Monday, April 11, 2011

Tobruk - Easter 1941 - ...first to quail...went agley...

Chapter 4 – At Bay – The Easter Battle

The battle had reached its crisis. The penetration had not yet been contained, but the assault had been turned. To "A/E" Battery must go the main credit. For 45 minutes they had contested the seemingly relentless enemy advance, standing to their guns and proving themselves more steadfast than their enemy; the German tank crews were first to quail.

The prime causes of failure were the Germans' and Rommel's over-confidence and their under-estimation of the strength of the defence. A battle plan based on the false assumption, drawn from European experience, that opposition would collapse when the tanks broke through the perimeter went agley when that did not occur. Both senior and junior commanders lost their nerve, the force its cohesion.

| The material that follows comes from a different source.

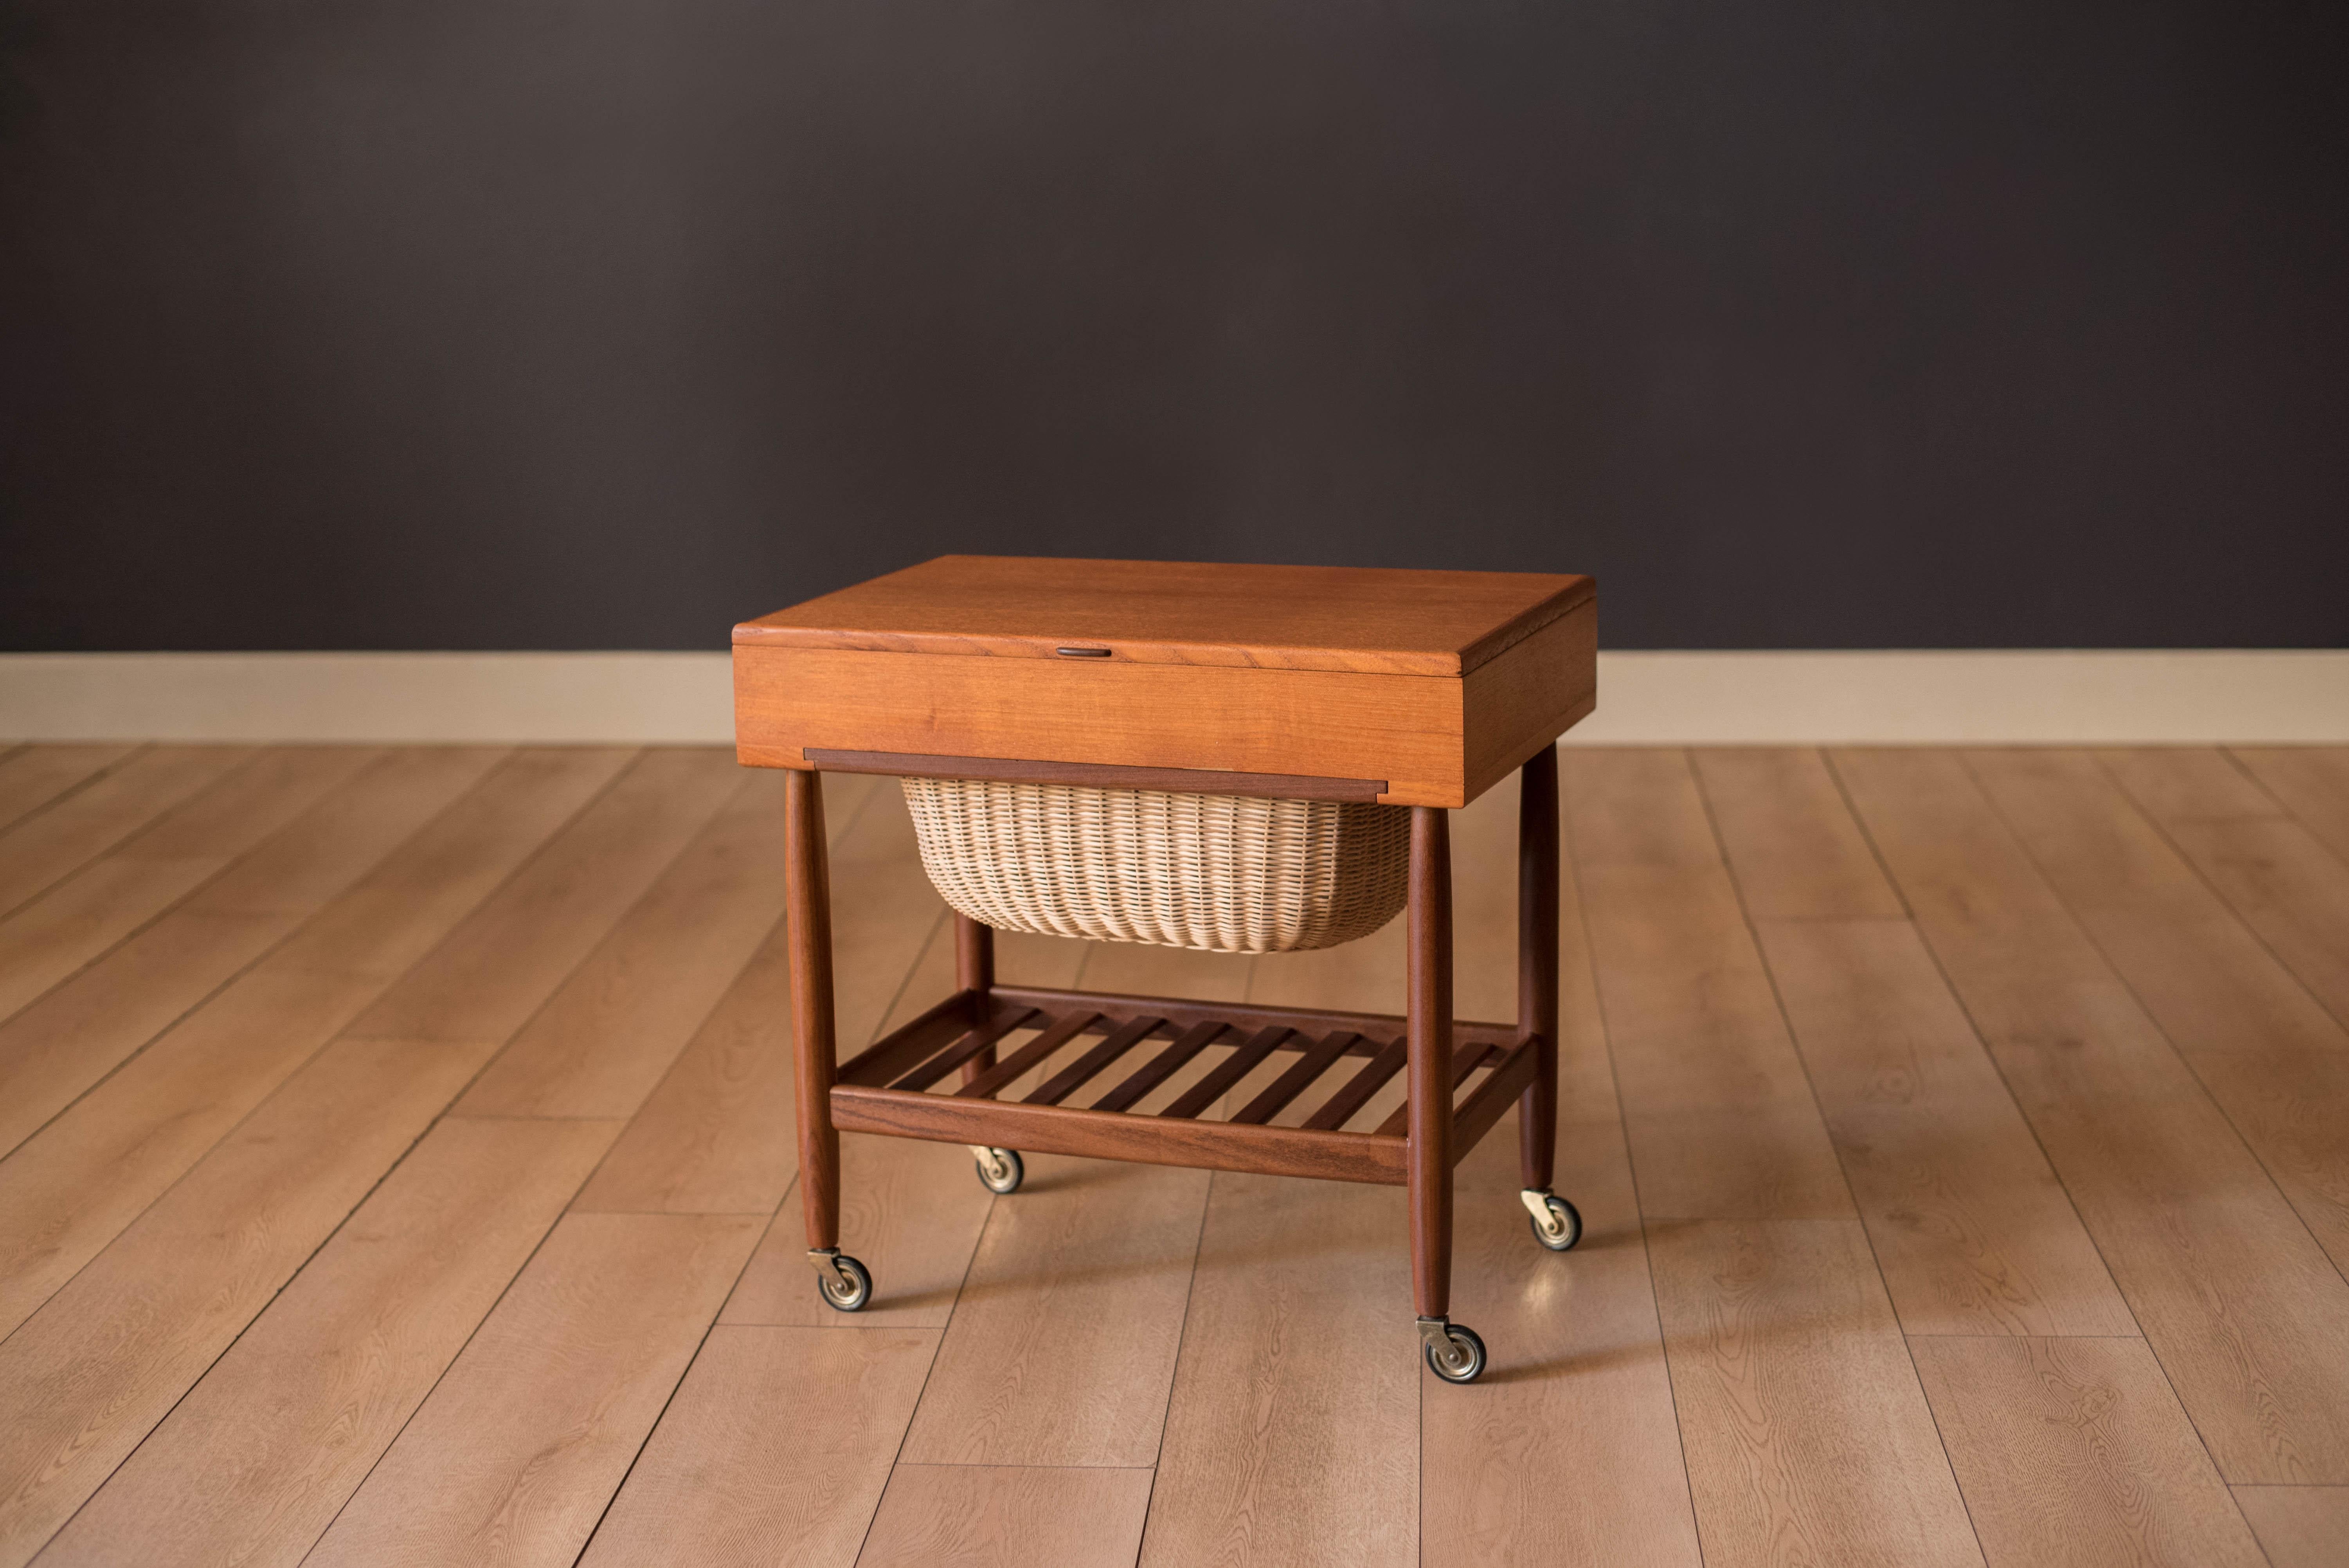 Mid century modern sewing end table in teak designed by Ejvind A. Johansson for FDB Mobler, Denmark. This two-tone piece is made with old growth teak featuring a storage organizing compartment with dividers, a seamless slide-out wicker basket tray,

But the victory belonged in the main to the gunners who had fought it out with the German tanks, to the Bren gunners and machine-gunners in the posts who had not been intimidated or subdued and to the patrolmen whose bayonet charges had dislodged the enemy infantry before they could consolidate. One may accept the summing up by the diarist of "B/O" Battery: The two outstanding features of the battle were:

(i) "A/E"Battery's tank shoot, which finally stopped the tanks.

(ii) The infantry in "D"Company remaining in their positions completely unperturbed by the tanks and then attacking the ensuing infantry, together with an excellent counter-attack by "B" Company.